A translational version of a preloaded spring exists in the Modelica.Mechanics.Translational.Examples.PreLoad directory. As a dirty solution, I can directly use that model and convert the input flange to a rotational flange by using an ideal rolling wheel block, however I don't want this.

I can also modify this model by replacing the translational blocks with their rotational counterparts. However, I'm not sure whether that would work since ElastoGap and ElastoBacklash components are not completely similar.

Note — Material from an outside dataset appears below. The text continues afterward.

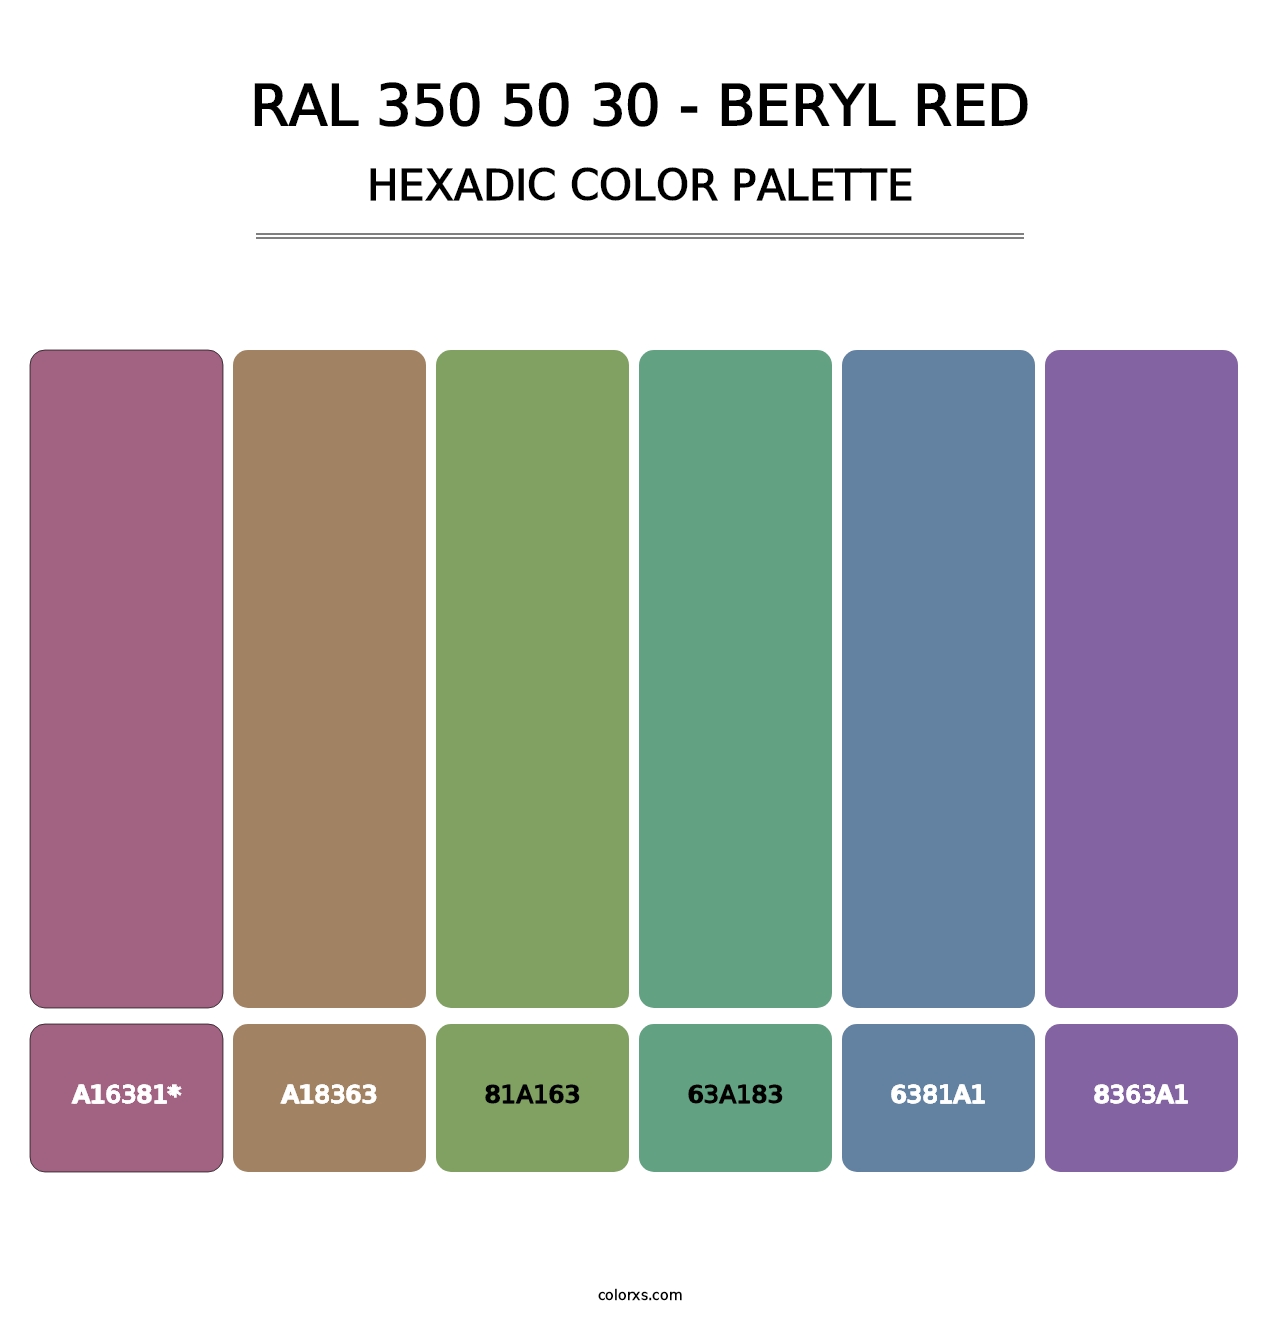 RAL 350 50 30 - Beryl Red - Hexadic Color Palette

What I would really like to do was to construct the model by directly writing the governing equations. So I modified the rotational spring model as follows,

model RotationalPreloadedSpring
  extends Modelica.Mechanics.Rotational.Interfaces.PartialCompliantWithRelativeStates;
  parameter Modelica.SIunits.RotationalSpringConstant c(final min = 0, start = 1.0e5) "Spring constant";
  parameter Modelica.SIunits.Angle phi_rel0 = 0 "Unstretched spring angle";
  parameter Modelica.SIunits.Torque Tpre "Preloaded torque";
equation
  phi_rel = if abs(tau) < Tpre then 0 else (tau - sign(tau) * Tpre) / c;
end RotationalPreloadedSpring;

I've constructed the following basic test setup and obtained the following result,

Basic test setup Results of basic setup In this basic setup, the model works properly. The spring acts as a rigid shaft and doesn't rotate until the applied torque exceeds the preloaded torque on the spring, then it rotates by an amount of (Tin - Tpre) / c.

However, when I connect inertia to the ends of this spring model, I get absurd results from the setup;

Test setup with inertia Test results with inertia

The spring switches between its two states violently. The simulation gets slowed and doesn't give anything useful.

I've couldn't managed to make this model work for non-simple cases. I would be really glad if anyone can point out the mistakes I've been doing.

5 Replies

Kursad,

You can fix your problem by changing the line:

phi_rel = if abs(tau) < Tpre then 0 else (tau - sign(tau) * Tpre) / c; to phi_rel = if abs(pre(tau)) < Tpre then 0 else (tau - sign(tau) * Tpre) / c;

the "pre()" function will break an algebraic loop. You essentially have a "race" condition that is numerically unstable. The pre(tau) function will use the value of tau from an infinitesimal time slice earlier to determine the result of the if condition. Based on this test you will get proper behavior.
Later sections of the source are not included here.